October 15, 2021

The leaves are starting to change, the rain falls in droves, the temperatures are still regularly in the 80s in October in northern Indiana...ah, fall. What a perfect time for podcasts about the weirder aspects of post-9/11 culture, breaking up with friends, and speculative journalism!

THE LIST

Can Osama Bin Laden be a protagonist? This entry from the newest Dan Taberksi joint is beautifully provocative, and offers a compelling alternative take on the typically more somber and patriotic/conspiratorial remembrances of September 11th. As does the rest of the series - it’s all really great.

And on the other hand, there are a lot of truly incredible stories from that fateful day. This episode contains one such tale, which I found inspirational in a way that didn't feel cheesy or insincere.
Invisibilia dropped a series of 3 episodes about friendship, and let me just say that they crushed it. While I’ve never exactly pined for inside knowledge about the lives of nuns, this episode brings insight on the #conventlife and creates a space to ponder platonic interpersonal relationships.

This was a very powerful reminder that communication can sometimes fall on active ears with good intentions... and still not be acknowledged. It’s a great story arc with a very well executed twist, and has me retroactively second guessing any time I’ve tried to reach out to someone more than once despite receiving no reciprocal response.

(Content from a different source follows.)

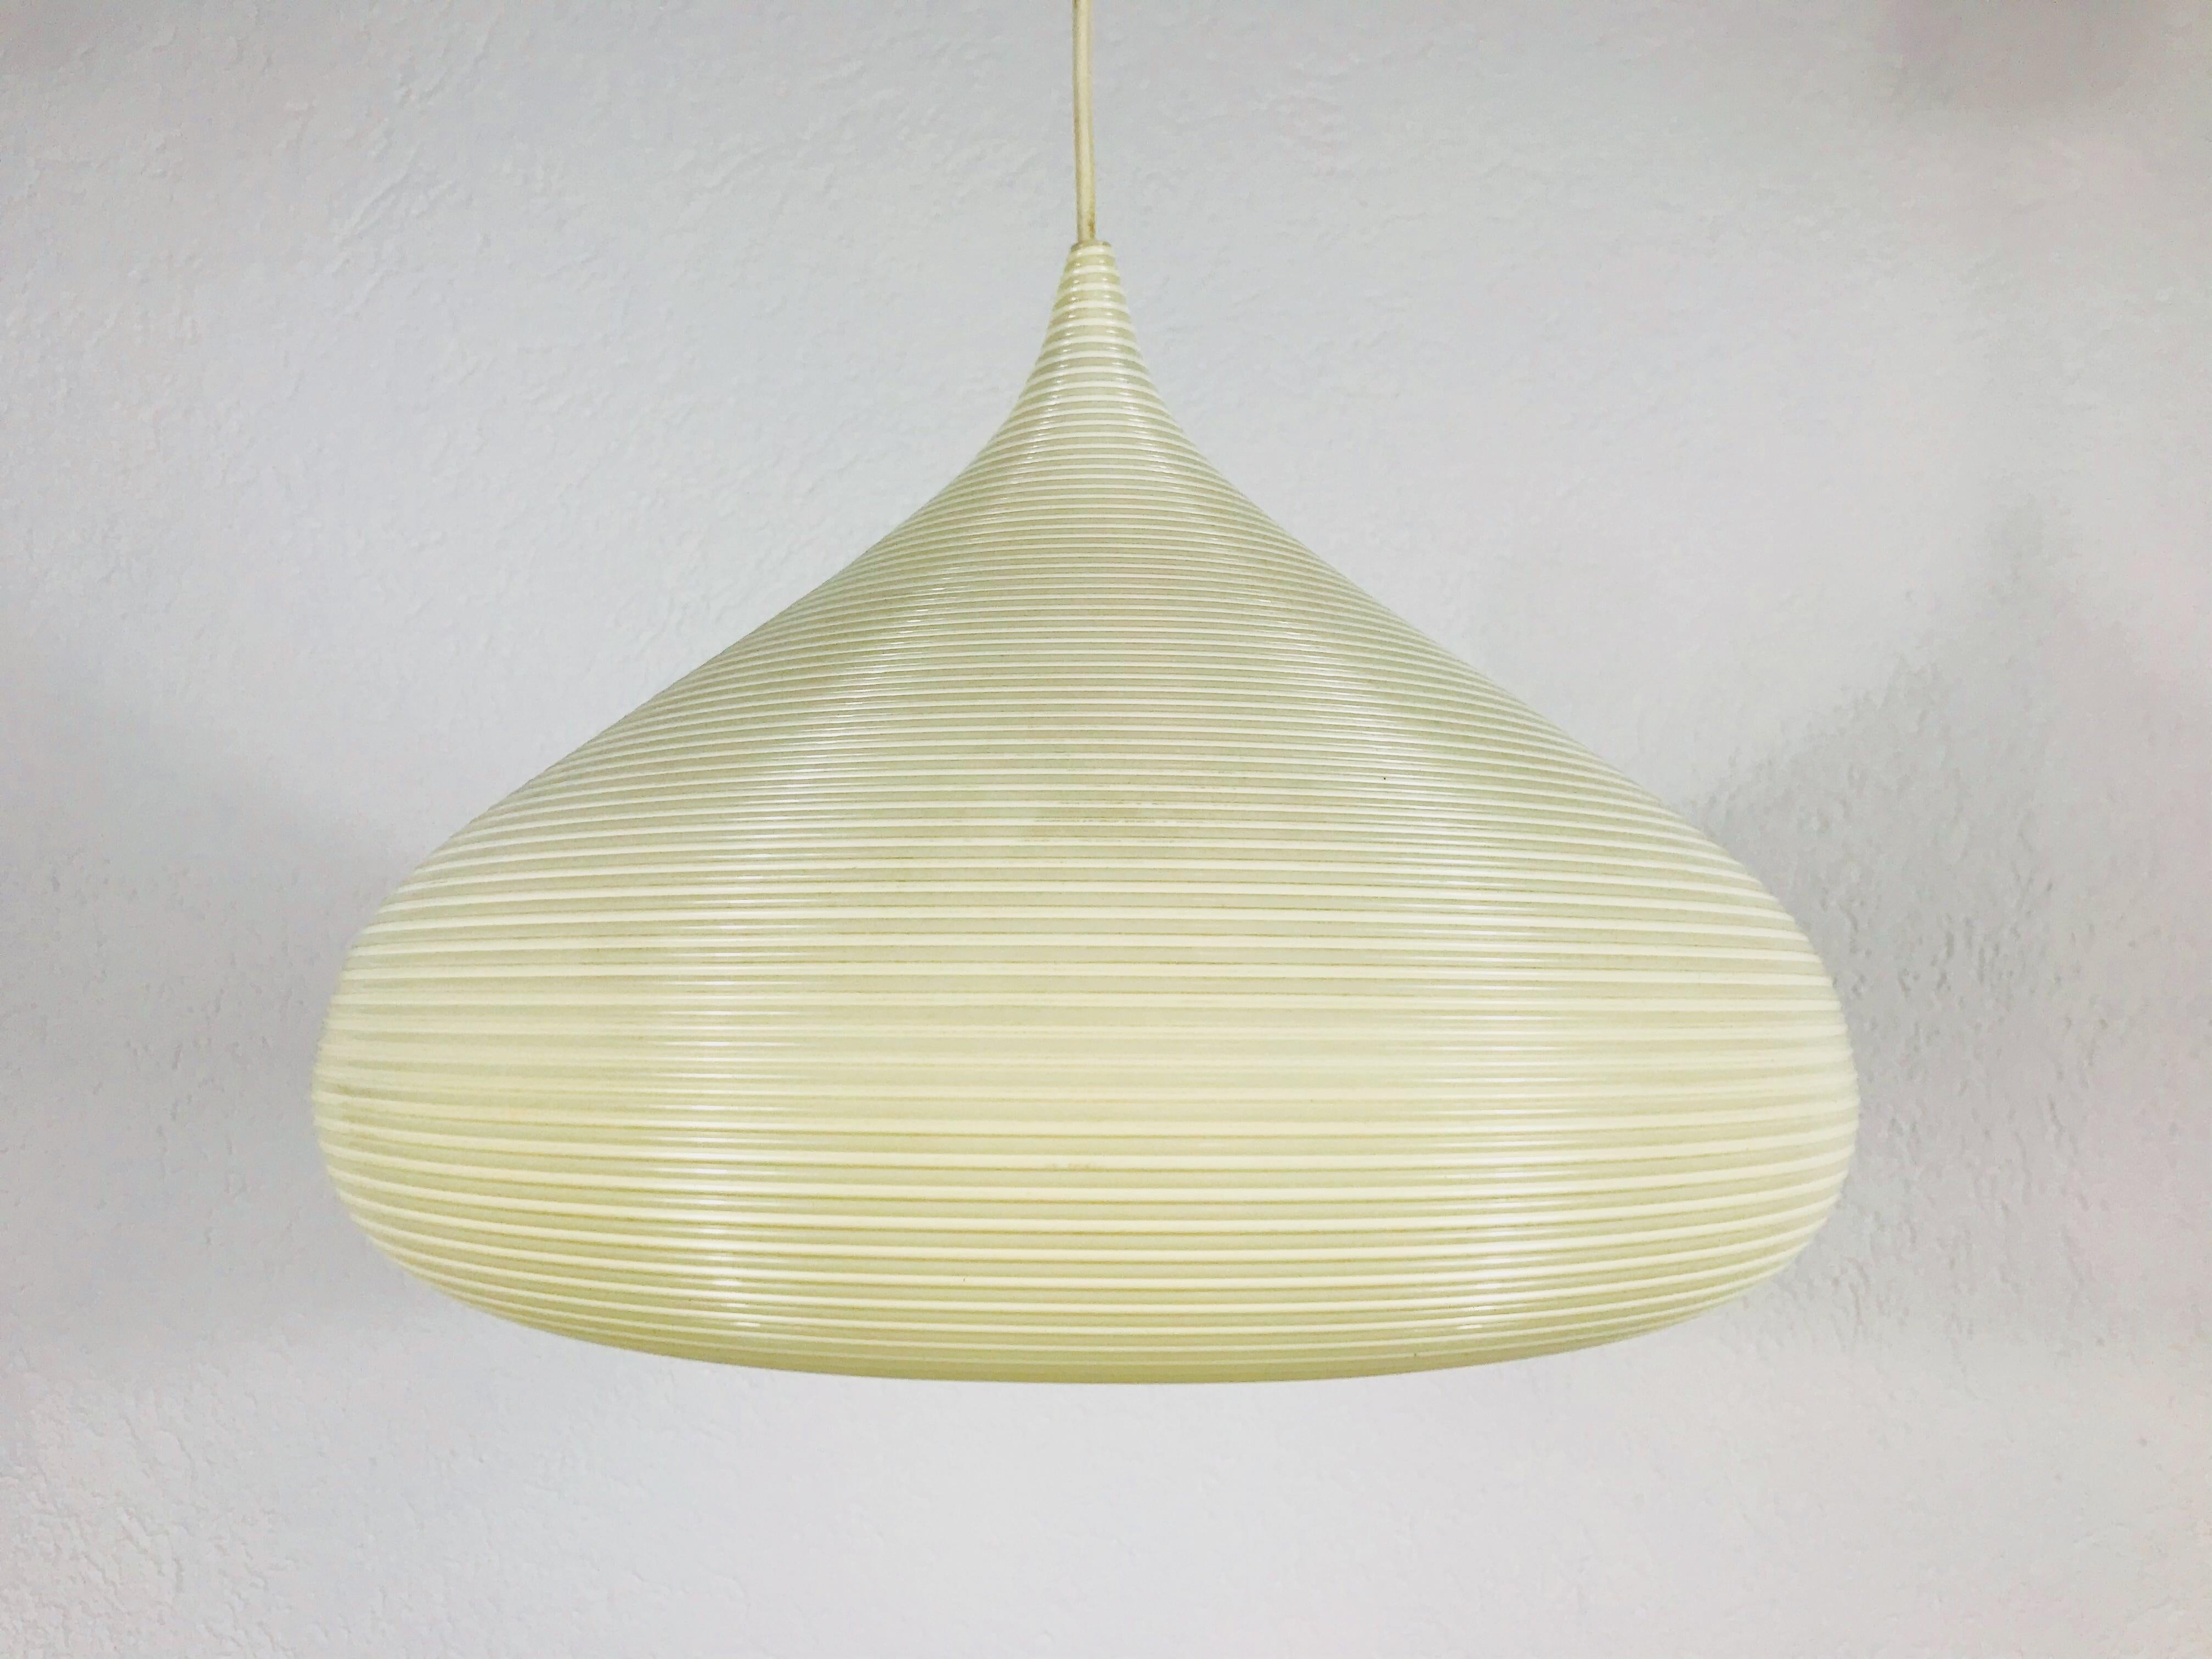 Mid-Century Modern Rotaflex pendant lamp made in the 1960s. The lamp shade is made of continuous plastic cords spun into a ceiling fixture. The top of the lamp is hard plastic. The lamp is in good vintage condition.

Measure: Maximum height of the

I’ve been anticipating Bellwether for two years, and this episode is a reminder of the boundaries the show traversed - it still feels unlike any podcast I’ve encountered. This was my favorite podcast episode from 2019, and this time it surfaces as the first in a series that is speculative journalism mashed up with a futuristic audio drama. It sounds weird, and maybe it is, but if you’re looking for something truly original this will deliver.
The final and perhaps quirkiest episode of the 7-part series, this delivers a beautiful meditative theory on what people really mean when they say 'Never Forget.' It’s kind of a windy road to get there, using a high schooler’s fundraiser for a 9/11 memorial in his small Ohio town as a framing device, but it was a very satisfying way to wrap up the series.

HONORABLE MENTION

SOMETHING NEW

365 Stories I Want To Tell You Before We Both Die
After spending the better part of a year listening to his stories almost every day, I can say that Caveh Zahedi is not a likable person. Somehow, though, I keep listening. I love the medium of a very short daily podcast - the show’s schtick is that it releases an episode a day for every day of 2021 - so that’s part of the appeal. The intro music is all really good, somehow all recognizable as riffing on a theme yet almost entirely unique each time (or at least with enough variety that I don’t notice it recycling themes). Oh, and it’s really great that there are zero ads or plugs for another show or network - that goes a long way in establishing intimacy. The episodes are so short (typically close to 2 minutes in length) that it’s almost not worth it to skip once it starts playing. Still though, why listen to anyone who is painting a perpetually predictable picture of his poor life choices? I’ve gotten to the point where I can almost predict what terrible thing Zahedi is going to do (even if it’s something as relatively minor as borrowing money without paying it back). There is very little in ways of a redemptive narrative arc, but I guess I’ve long since stopped hoping for that.

Yet, despite that, Zahedi’s warm vocal quality makes him a magnetic and almost likable narrator. Despite all the evidence to the contrary, he still sounds like a funny and likable dude with a lot of crazy life experiences. It’s unassumingly voyeuristic, even as podcasts and the accompanying phenomenom of parasocial relationships go. I don’t envy him, but it is interesting to hear someone so objectively unlikable relay tales from the point of view as a protagonist. And then there are the details from his childhood that sporadically pop in, providing a brief window into issues that manifested in young adulthood through to the present (Zahedi, a professional filmmaker, is now in his early 60s). If you are an attentive listener, you’ll also hear glimpses of semi-heartfelt reckoning with regret. This comes in small doses, but the contrition feels genuine in contrast to the largely ambivalent strain of “I wonder why that person didn’t seem to like me after I acted selfishly” that accompanies so many stories.

At this point, would I recommend someone jump in? Not exactly. But if there was some way for a podcatcher to sync up a show’s back catalog and automatically download episodes on a set schedule, it is definitely worth a shot. I’ve long pined for such technology, since some shows really would be more satisfying with a slow build. Binging as the default mode of consumption may be here to stay, but wouldn’t it be nice to have the option to programmatically regress to weekly listening for episodic series? It would, if nothing else, make this type of mammoth marathon show more accessible to someone who didn’t hear about it on or close to launch.